Idearlo, promuoverlo e realizzarlo è stato una battaglia, che ha deciso di intestarsi un ingegnere con due dottorati di ricerca – uno in ingegneria elettronica, l’altro in Business management – che oggi è a capo della Defense Research and Development Directorate del ministero della Difesa. Si chiama Daniel Gold, di origini ungheresi, nato in Israele e cresciuto con un’idea: che lo stato ebraico fosse un posto meraviglioso in cui vivere, ma andava reso anche sicuro. Ha deciso di applicare i suoi studi a una missione: salvare il più alto numero di vite e “mantenere la continuità della vita in Israele”. Quando si presentò la prima volta davanti all’establishment della Difesa con la sua proposta di annientare i missili con altri missili ultra precisi, tutti pensavano che fosse un esaltato, un pazzo, “non siamo qui a giocare a guerre stellari”, gli hanno risposto. Ma Daniel Gold aveva tutta l’intenzione di rendere possibile una cosa impossibile. L’idea gli era venuta durante la Guerra del golfo, lui era a Tel Aviv, contro la quale Saddam Hussein scagliò i razzi Scud. Di quei giorni gli è rimasta in testa la sensazione di una città immobilizzata, vuota. All’epoca aveva da poco finito l’università e pensò che non si doveva permettere che gli israeliani vivessero nella paura.  

 

Dopo il primo fallimento davanti ai  capi della difesa, Gold non ha aspettato il via libera da parte dei vertici politici e militari e per evitare che il suo progetto, che ancora era soltanto un’idea, rimanesse impigliato nei vortici delle battaglie istituzionali, aveva già iniziato a muoversi per conto suo. Già nel 2004 aveva creato un comitato per studiare le varie opzioni per la tecnologia antimissile, continuò con le sue ricerche in palese violazione di una direttiva del ministero della Difesa, per il  quale il progetto non meritava di essere mandato avanti. Gold, che non aveva intenzione di rinunciare alla sua idea – oggi dice di non aver infranto regole, ma di aver semplicemente eluso la burocrazia – cercò un investitore privato. Era risultato un tipo eccentrico, troppo entusiasta,  e sapeva che, senza un risultato concreto da mostrare, i vertici della Difesa non avrebbe cambiato opinione sui suoi contromissili. Eppure, due anni dopo, anche i più scettici si erano convinti.
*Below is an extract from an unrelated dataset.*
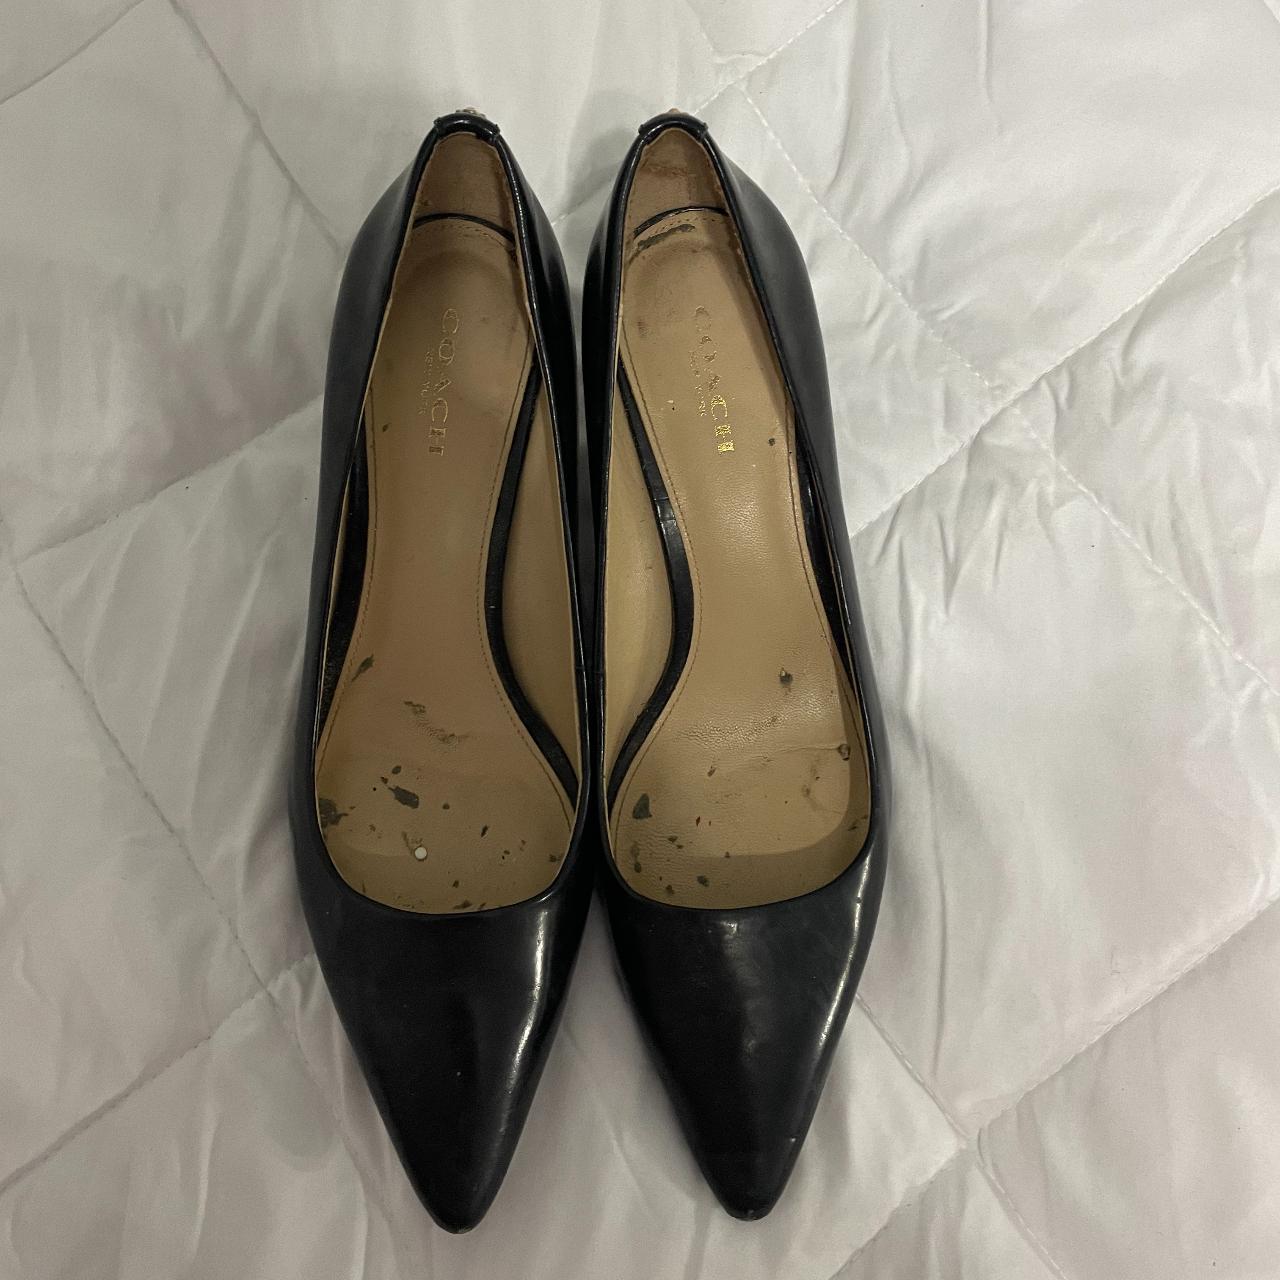 Vintage Coach black kitten heels there is some heel... - Depop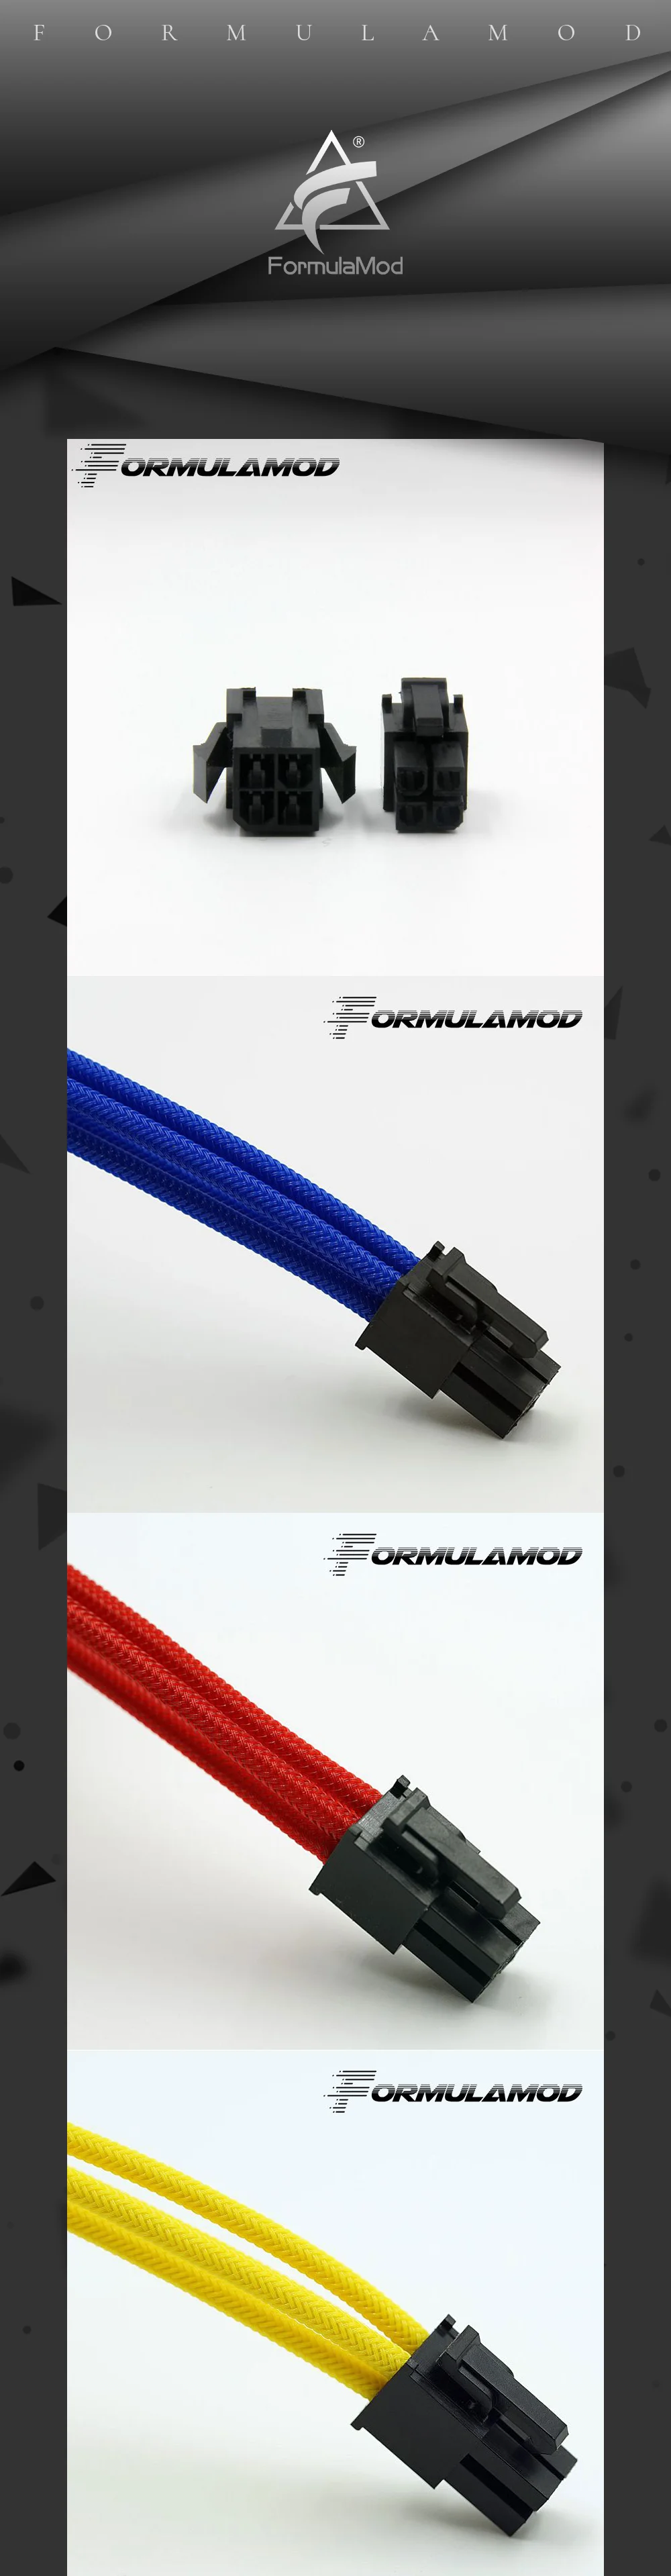 FormulaMod Fm-cpu 4P-A, cpu 4Pin удлинитель питания, материнская плата 18AWG 4Pin многоцветные соответствующие кабели расширения

Il maggior promotore del sistema era diventato il ministro Amir Peretz, l’allora tenutario della sicurezza che viene da Sderot e ben conosce la priorità di rispondere a una pioggia di razzi, era appena finita la guerra del Libano.

 

Nonostante Peretz avesse contro tutti, Gold ricevette i fondi per andare avanti, il progetto fu assegnato alla Rafael, con la quale l’ingegnere era già in contatto, e altre due società collaborarono per sviluppare il software e il radar.  Gold volle una squadra ampia, “il meglio del paese”, esperti di missili di settant'anni ormai in pensione e ingegneri venticinquenni, donne e uomini. In un’intervista a Yisrael Hayom ha raccontato: “È stato come gestire contemporaneamente quindici start-up diverse, che devono lavorare in armonia tra di loro e farlo in tempi da record. Nessuna gerarchia, un lavoro orizzontale”. Il progetto non era semplice, bisognava trovare il modo di scansionare costantemente tutta Gaza, di rilevare il missile lanciato e soprattutto di creare un centro di controllo in grado di calcolare la traiettoria in quindici secondi massimo. Ci sono voluti anni, c’era zero margine di errore, e il governo israeliano aveva bisogno di soldi. Peretz provò a rivolgersi al presidente americano Bush, la risposta fu negativa. Agli occhi degli americani il sistema pensato da Daniel Gold era “qualcosa che non si può fare”. Fu Barack Obama a credere nel progetto e a sostenerlo con 200 milioni di dollari. Le ricerche di Gold andavano sempre meglio, il sistema diventava sempre più rapido e preciso, per il design gli sviluppatori si ispirarono a un modello di macchinine per bambini. Era ormai arrivato il momento di dargli un nome. Al sistema e ai missili, anzi ai contromissili. 

 

Se Gold è il padre, l’ideatore, il promotore, il Don Chisciotte dell’Iron Dome, non è stato lui a scegliere il nome. I razzi si sarebbero dovuti chiamare anti Qassam, dal nome dei razzi di Hamas, ma alla fine decisero di chiamarli Tamir, acronimo di Til Meyaret, missile intercettore. Rimaneva da trovare un nome per il sistema, la prima proposta fu Golden Dome, cupola d’oro. Ma il nome venne bocciato, sembrava troppo pretenzioso, sfacciato. Il sistema doveva davvero rappresentare un’idea di sicurezza solida, non doveva risultare un vezzo, meglio Iron Dome, cupola di ferro, in ebraico: kipat barzel. Nel 2011, l’Idf dichiara il sistema operativo.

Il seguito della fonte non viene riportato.